= Task objective =
Every line from the one with "Rad like Dad" to the one with "Xerox manual 用紙のセ", including those two, is to be copied exactly; all other lines of the entries below are left out.

(Items from a dataset)
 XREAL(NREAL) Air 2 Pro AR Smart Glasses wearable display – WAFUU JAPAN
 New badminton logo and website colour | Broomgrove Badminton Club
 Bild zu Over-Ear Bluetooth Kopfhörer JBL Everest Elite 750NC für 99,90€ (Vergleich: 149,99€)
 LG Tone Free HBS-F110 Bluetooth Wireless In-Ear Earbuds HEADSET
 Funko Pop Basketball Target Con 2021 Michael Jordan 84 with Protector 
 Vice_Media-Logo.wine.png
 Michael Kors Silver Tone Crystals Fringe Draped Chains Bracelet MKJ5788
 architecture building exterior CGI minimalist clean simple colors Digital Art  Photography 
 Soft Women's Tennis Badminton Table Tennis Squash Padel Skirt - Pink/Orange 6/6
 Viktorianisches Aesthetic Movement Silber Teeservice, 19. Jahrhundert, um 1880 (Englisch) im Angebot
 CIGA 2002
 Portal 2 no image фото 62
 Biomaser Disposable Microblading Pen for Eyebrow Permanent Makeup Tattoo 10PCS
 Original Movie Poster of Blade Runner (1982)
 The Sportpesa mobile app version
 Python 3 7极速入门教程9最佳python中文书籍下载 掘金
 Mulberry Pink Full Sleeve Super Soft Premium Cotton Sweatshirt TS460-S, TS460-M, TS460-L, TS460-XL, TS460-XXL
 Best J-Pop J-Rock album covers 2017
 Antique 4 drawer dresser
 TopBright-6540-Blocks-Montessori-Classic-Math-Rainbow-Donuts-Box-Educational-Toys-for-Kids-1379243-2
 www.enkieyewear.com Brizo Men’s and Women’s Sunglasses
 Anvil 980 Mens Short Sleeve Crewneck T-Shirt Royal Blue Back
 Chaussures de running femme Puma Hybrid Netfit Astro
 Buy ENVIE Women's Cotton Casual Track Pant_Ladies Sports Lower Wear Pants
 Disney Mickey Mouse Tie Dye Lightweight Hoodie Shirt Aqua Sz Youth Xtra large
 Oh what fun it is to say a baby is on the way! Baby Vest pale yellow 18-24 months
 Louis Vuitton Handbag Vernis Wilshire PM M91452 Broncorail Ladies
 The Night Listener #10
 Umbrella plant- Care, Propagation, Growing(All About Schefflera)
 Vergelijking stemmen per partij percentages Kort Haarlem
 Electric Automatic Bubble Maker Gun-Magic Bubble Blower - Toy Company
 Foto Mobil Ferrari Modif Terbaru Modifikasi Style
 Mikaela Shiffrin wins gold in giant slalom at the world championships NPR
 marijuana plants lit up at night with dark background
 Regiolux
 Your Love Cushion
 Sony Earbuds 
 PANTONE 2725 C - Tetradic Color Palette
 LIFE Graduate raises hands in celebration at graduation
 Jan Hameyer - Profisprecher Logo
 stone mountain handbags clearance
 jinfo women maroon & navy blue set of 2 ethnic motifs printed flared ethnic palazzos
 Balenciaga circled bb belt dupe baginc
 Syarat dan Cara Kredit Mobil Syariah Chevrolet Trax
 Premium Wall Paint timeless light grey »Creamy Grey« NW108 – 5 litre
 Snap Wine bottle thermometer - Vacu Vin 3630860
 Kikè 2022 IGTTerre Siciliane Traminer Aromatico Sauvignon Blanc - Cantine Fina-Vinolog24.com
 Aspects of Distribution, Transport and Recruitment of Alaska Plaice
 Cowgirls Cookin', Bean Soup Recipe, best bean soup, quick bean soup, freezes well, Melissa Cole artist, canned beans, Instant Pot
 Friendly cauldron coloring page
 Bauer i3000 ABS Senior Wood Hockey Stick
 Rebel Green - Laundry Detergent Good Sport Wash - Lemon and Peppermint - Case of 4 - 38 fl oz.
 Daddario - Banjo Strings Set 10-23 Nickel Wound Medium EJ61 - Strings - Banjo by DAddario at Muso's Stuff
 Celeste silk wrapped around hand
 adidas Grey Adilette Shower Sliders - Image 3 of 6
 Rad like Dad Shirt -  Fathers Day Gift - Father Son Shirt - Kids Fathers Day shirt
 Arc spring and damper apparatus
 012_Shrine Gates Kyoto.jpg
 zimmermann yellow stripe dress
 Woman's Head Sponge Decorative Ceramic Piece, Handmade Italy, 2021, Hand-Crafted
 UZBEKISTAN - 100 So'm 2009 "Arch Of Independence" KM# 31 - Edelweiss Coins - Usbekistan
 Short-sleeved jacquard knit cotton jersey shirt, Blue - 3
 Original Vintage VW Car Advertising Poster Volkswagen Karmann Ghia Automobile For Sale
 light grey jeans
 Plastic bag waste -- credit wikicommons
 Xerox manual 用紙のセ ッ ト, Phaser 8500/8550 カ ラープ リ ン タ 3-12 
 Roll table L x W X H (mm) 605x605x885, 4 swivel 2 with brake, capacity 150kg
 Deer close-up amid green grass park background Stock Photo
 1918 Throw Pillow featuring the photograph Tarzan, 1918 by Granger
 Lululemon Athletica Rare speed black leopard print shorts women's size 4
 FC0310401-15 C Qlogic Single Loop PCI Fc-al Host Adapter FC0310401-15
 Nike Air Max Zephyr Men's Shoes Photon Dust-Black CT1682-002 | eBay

= Written answer =
 Rad like Dad Shirt -  Fathers Day Gift - Father Son Shirt - Kids Fathers Day shirt
 Arc spring and damper apparatus
 012_Shrine Gates Kyoto.jpg
 zimmermann yellow stripe dress
 Woman's Head Sponge Decorative Ceramic Piece, Handmade Italy, 2021, Hand-Crafted
 UZBEKISTAN - 100 So'm 2009 "Arch Of Independence" KM# 31 - Edelweiss Coins - Usbekistan
 Short-sleeved jacquard knit cotton jersey shirt, Blue - 3
 Original Vintage VW Car Advertising Poster Volkswagen Karmann Ghia Automobile For Sale
 light grey jeans
 Plastic bag waste -- credit wikicommons
 Xerox manual 用紙のセ ッ ト, Phaser 8500/8550 カ ラープ リ ン タ 3-12 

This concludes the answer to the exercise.